Meanwhile, the bourgeoisie, hidden in their luxurious homes, watched fearfully outside through the curtains. What were the authorities doing that they did not defend them by machine-gunning the plebs who had taken over the town and could very well feel the temptations of looting?
They could not conceive of the triumph of libertarian communism, since they had paid the politicians to organize an army to defend them. Later the reaction would come and they would take revenge for the bad time they were then going through.
The happiest of all was I. Because all the people felt the intoxication of victory, but there was a certain uneasiness floating in the atmosphere in the face of the ignorance of what had happened in the rest of Spain and of the development that events would have in the future. I, on the other hand, knew perfectly well that I was witnessing the definitive triumph, the establishment of libertarian communism.
Chapter 8: Generality of motion
The National Telephone Union had responded perfectly to the movement by seizing all the central offices except the one in Madrid and maintaining the strike in terms of ordinary service, although passing on all kinds of official news among the different unions, committees and organisations of the CNT.
The revolutionary committee had thus controlled the movement at all times and knew what to expect regarding its development.
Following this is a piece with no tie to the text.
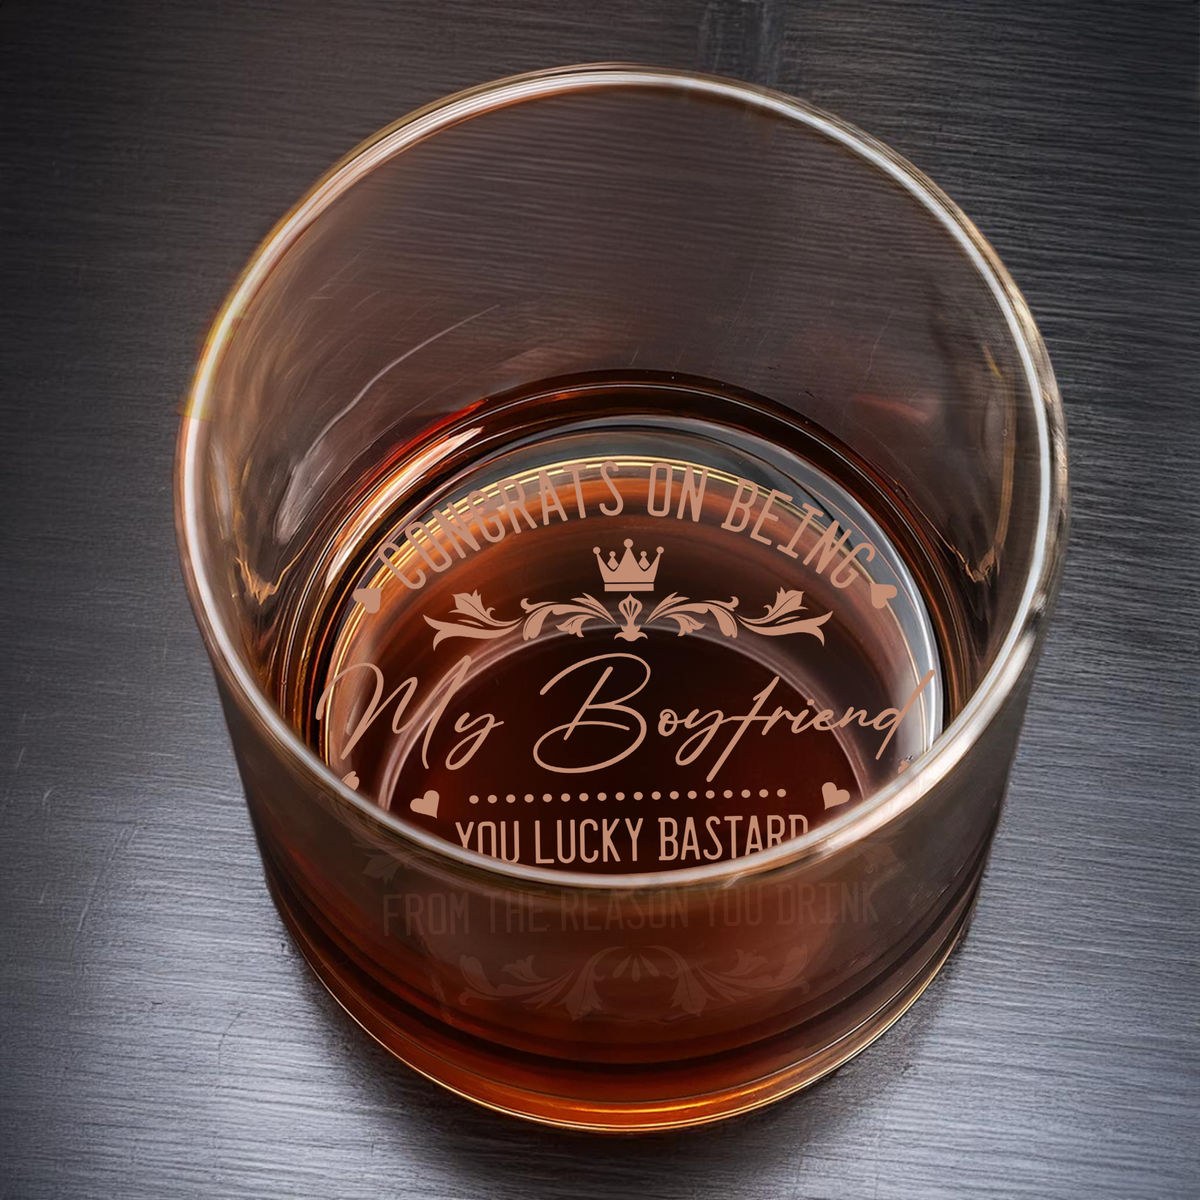 Couple Gifts - Congrats on being my Boyfriend. You lucky bastard from the reason you  drink. - Gifts For Dad, Husband, Boyfriend... - Gifts For Father's Day, Birthday, Anniversary - Personalize Whiskey Glass_4

Comrade Riquer, who was our delegate on the National Committee, brought news to our union that aroused shouts of enthusiasm and cheers for the FAI.
Catalonia had responded completely, except for some flashes of Bolshevism noted in the province of Lérida from where some would-be people’s commissar had telephoned talking about a united front.
From Zaragoza the Regional Confederation had telephoned the National Committee to report that libertarian communism had been proclaimed throughout the region without any incident. The public forces seemed to have received the order to abstain by locking themselves in their barracks.
Similar news had been received from the North, from Galicia, from Valencia and from the Balearic and Canary Islands.
In Andalusia there had been a general uprising, but with numerous incidents caused sometimes by the struggle between the libertarian communists and the state, and other times by the overflow of passions that had led to violence.
The entire central region had risen except Madrid. In the capital of Spain the sun had risen that morning illuminating a wild spectacle of military occupation: troops in strategic places, patrols of horsemen, machine guns, assault vehicles, cannons... Meanwhile the police, the Civil Guard and the Security corps did not rest in the task of arresting trade unionists.
The railway workers had responded perfectly to the order and had stopped the trains in the previously designated places. At six in the evening, ensuring the success of the movement, except for what concerned Madrid, orders had been circulated by the revolutionary committee for the trains to continue their journey, although leaving Madrid isolated. Considering the railway as a public service, travel would be free of charge, but all travellers would be required to have a travel permit issued by the Union to which they belonged.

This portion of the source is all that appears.